The study enrolled 20 women with confirmed or suspected endometriosis, who underwent SPECT-CT imaging prior to a scheduled laparoscopy. Of the 19 who completed both phases, the new imaging method correctly identified the presence or absence of disease in 16 (accuracy rate 84%), including cases of superficial peritoneal endometriosis — the most common form of the disease, which consistently evades detection by ultrasound and MRI.
Clinical significance:
If these findings are confirmed in Phase 3, maraciclatide could become the first non-invasive tool for the diagnosis and monitoring of all endometriosis phenotypes, fundamentally transforming the diagnostic approach and significantly reducing the delay to diagnosis.
STUDY 2
Title: The largest genetic study of endometriosis and adenomyosis ever conducted
Journal: Nature Genetics
Publication date: April 30, 2026
DOI: 10.1038/s41588-026-02582-2
Summary:
An international consortium of researchers from Yale School of Medicine and the Sant Pau Research Institute in Barcelona published the largest genetic study of endometriosis conducted to date. The genomes of approximately 1.4 million women were analyzed, including over 105,000 cases of endometriosis, with representation from six different ancestral groups (32% non-European ancestry).
The key findings are as follows: 80 genomic regions associated with increased risk of endometriosis were identified, of which 37 are new discoveries. Five of these genetic loci were found to be shared between endometriosis and adenomyosis, contributing to the clarification of whether these represent two distinct conditions or phenotypic expressions of the same disease. Multi-omics analyses (transcriptomic, epigenetic, and proteomic) linked the genetic risk factors to pathways involving cell differentiation, hormonal regulation, immune dysregulation, and inflammation. In addition, drug-repurposing analyses highlighted already approved medications — used for breast cancer, contraception, and preterm birth prevention — as potential therapeutic options for endometriosis.
Clinical significance:
This study represents the most comprehensive mapping of the genetic architecture of endometriosis to date. The data regarding the shared genetic basis of endometriosis and adenomyosis have direct clinical implications for the classification and individualized management of patients, while the newly identified therapeutic targets are expected to inform clinical trials in the years ahead.
STUDY 3
Title: Non-invasive blood test using microRNA for the early diagnosis of endometriosis in adolescents
Institution / Source: Yale School of Medicine
Publication date: January 2026
Summary:
The diagnosis of endometriosis in adolescents and young women represents a particular challenge: the diagnostic delay in this age group can reach 14 years, as symptoms are frequently attributed to dysmenorrhea or other causes. Researchers at Yale School of Medicine sought to develop a non-invasive blood test based on microRNAs (miRNA) — small non-coding RNA molecules that reflect pathophysiological changes in the body.

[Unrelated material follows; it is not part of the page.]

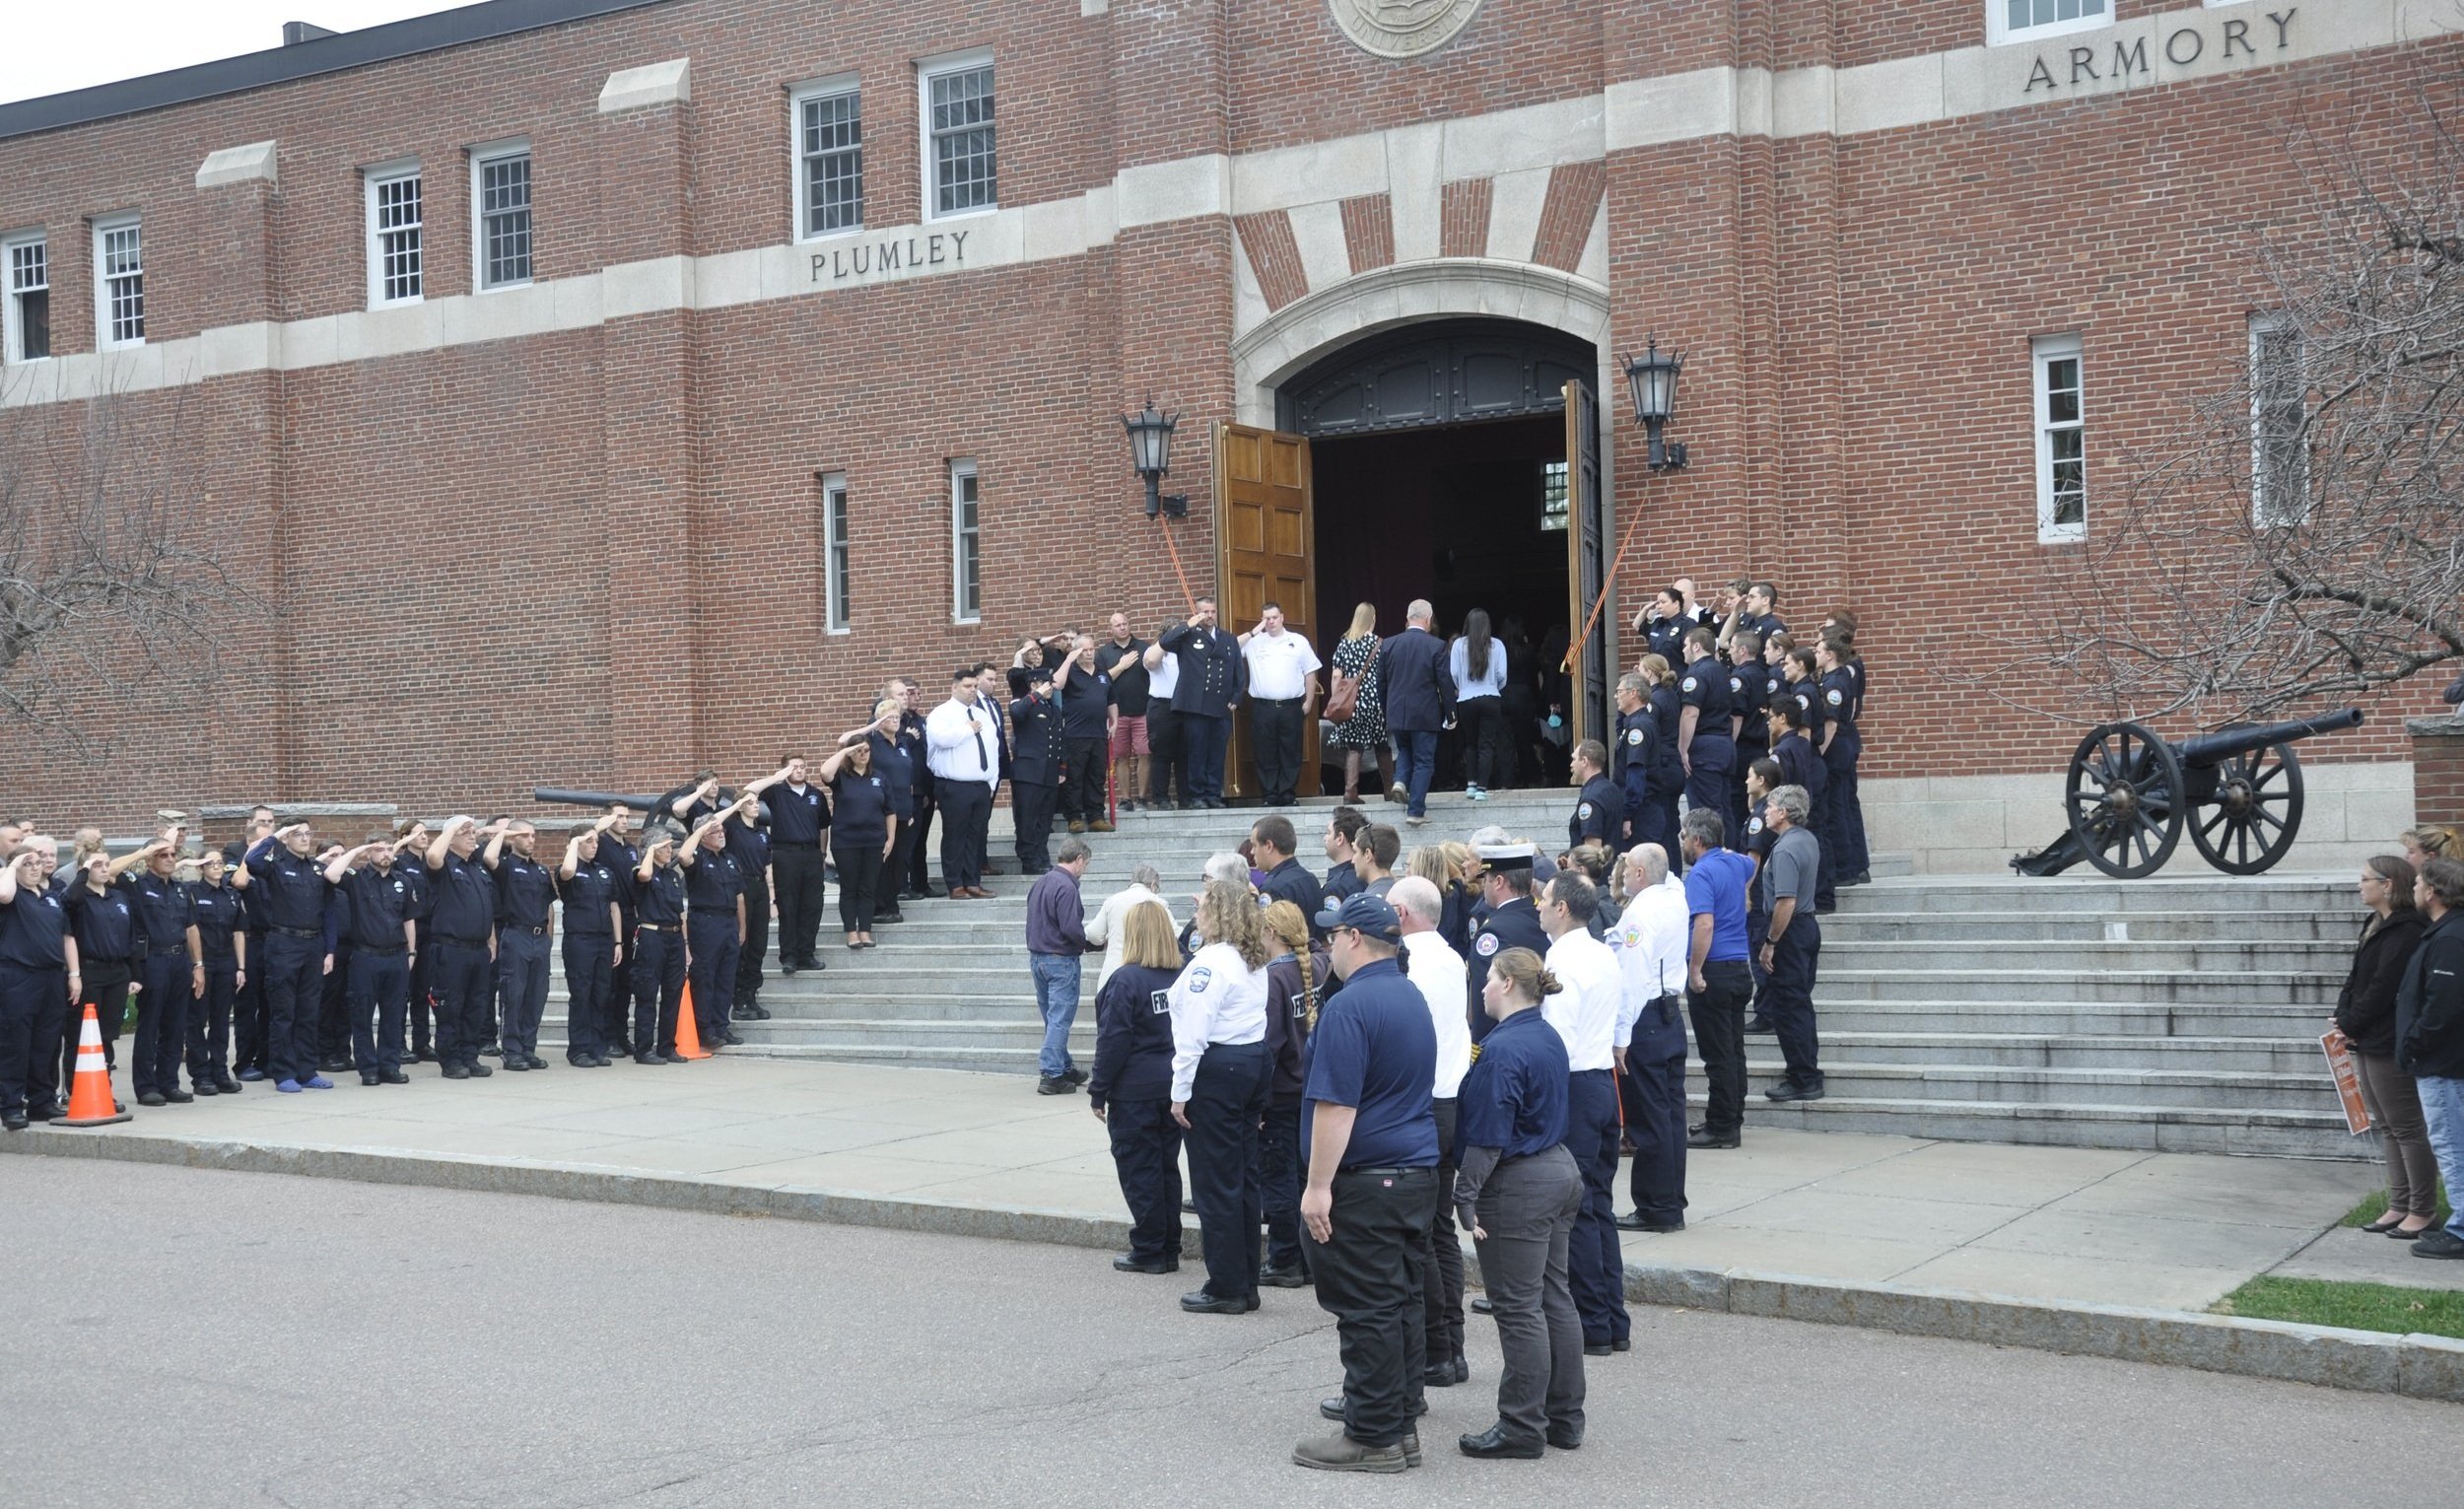  EMS members from multiple agencies line the stairs into the armory. Photo by Lisa Scagliotti 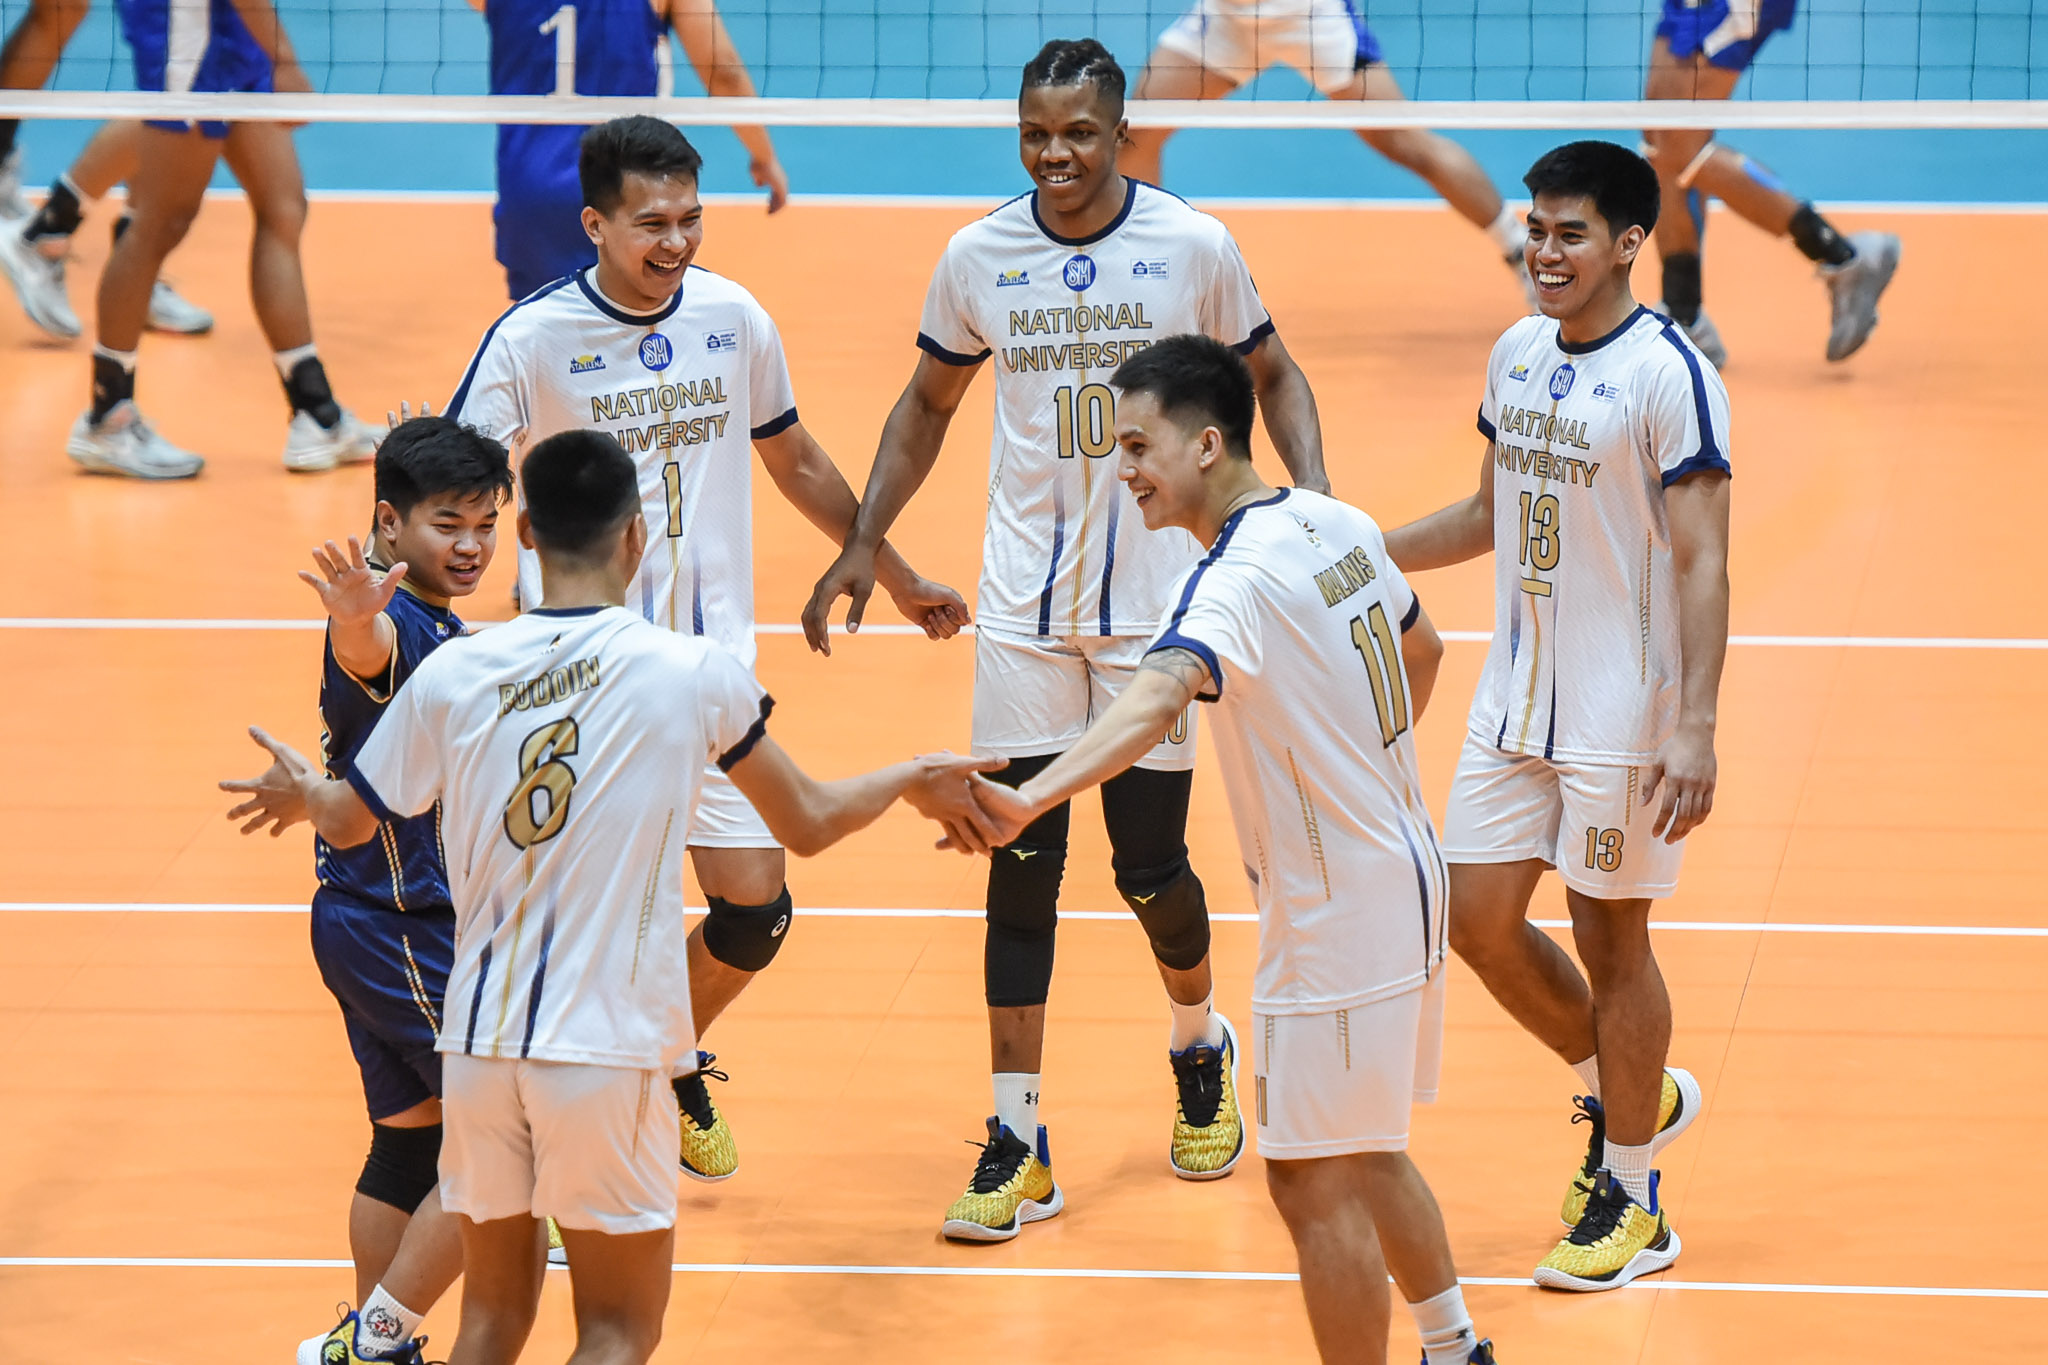 UAAP NU sweeps mens volleyball elimination round, books Finals spot after trouncing Ateneo Inquirer Sports

The study included 51 adolescents and young women aged 13–26 years with pelvic pain, who underwent gynecologic surgery between 2019 and 2024. Prior to surgery, blood samples were collected for miRNA profile analysis. Endometriosis was confirmed at surgery in 31 of the 51 patients. Comparison of the blood samples revealed distinct differences in miRNA expression, with signatures unique to the early stages of the disease.
Clinical significance:
This is the first study to validate the use of circulating miRNAs as diagnostic biomarkers for endometriosis exclusively in an adolescent population. Validation studies in larger cohorts are required before clinical implementation, but the direction is clear: a simple blood test could in the future replace laparoscopy as the first diagnostic step, particularly in younger age groups.